Date: Thursday, 16 April 2020

Zeolites are extensively used in industrial adsorption applications for drying and purifying of gases, removal of volatile organic compounds (VOCs) as well as adsorption separations processes. Zeolites can be also used for removal of carbon dioxide emitted into the atmosphere causing abnormal climate changes. One of the methods to reduce CO2 levels in atmosphere is physical adsorption offering low energy consumption, fast adsorption rates, robust regeneration and stable performance.
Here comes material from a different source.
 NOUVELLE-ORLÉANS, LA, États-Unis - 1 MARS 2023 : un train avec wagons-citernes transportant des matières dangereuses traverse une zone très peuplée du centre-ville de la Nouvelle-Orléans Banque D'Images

To understand the adsorption properties of zeolites, it is essential to study not only single component adsorption, for instance, CO2 or H2O but also the competitive co-adsorption behaviour of CO2 with H2O.

Another important parameter to consider is the heat released by the adsorption process, because it will influence the overall process in terms of the cost of energy that is required to control a column temperature, a change in adsorption equilibrium to lower adsorption capacity and the energy cost of desorption during adsorbent regeneration. The heat evolved by adsorption can be described as a differential heat of adsorption which is defined in thermodynamic models as the isosteric heat qst, which is the heat released by the transfer of gas at fixed adsorbate loading at a certain temperature and pressure. The isosteric heat of adsorption can be obtained from adsorption isotherms measured in a narrow temperature range via Clausius-Clapeyron equation.
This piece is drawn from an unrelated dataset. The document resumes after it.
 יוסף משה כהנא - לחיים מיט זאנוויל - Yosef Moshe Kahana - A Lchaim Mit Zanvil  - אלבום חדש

In this webinar, we want to highlight Gravimetric Dynamic Vacuum Vapor Sorption Analyzer (DVS Vacuum) that is employed to measure water adsorption/desorption isotherms in a broad temperature range to calculate the isosteric heat of adsorption as well as competitive co-adsorption of CO2 with H2O.



Dr. Vladimir Martis is the DVS Product Manager for Porous Materials and Vacuum Product Specialist at Surface Measurement Systems. He received his Master’s degree in Materials Engineering from Trencin University of Alexander Dubcek, Slovakia in 2004. He received his engineering doctorate degree (EngD) in Molecular Modelling and Materials Simulation from Chemistry department, University College London in 2012. The thesis title: “Synchrotron radiation studies of multicomponent metal oxides.”

Since joining SMS in 2013, he has continued working on the development of advanced in-situ experimental surface science techniques using molecules as probes instead of X-rays for studying catalysts, zeolites, MOFs, polymers, freeze and spray dried materials, composites and glasses under relevant industrial conditions. Vladimir has authored several papers in peer-reviewed journals and presented at several international conferences.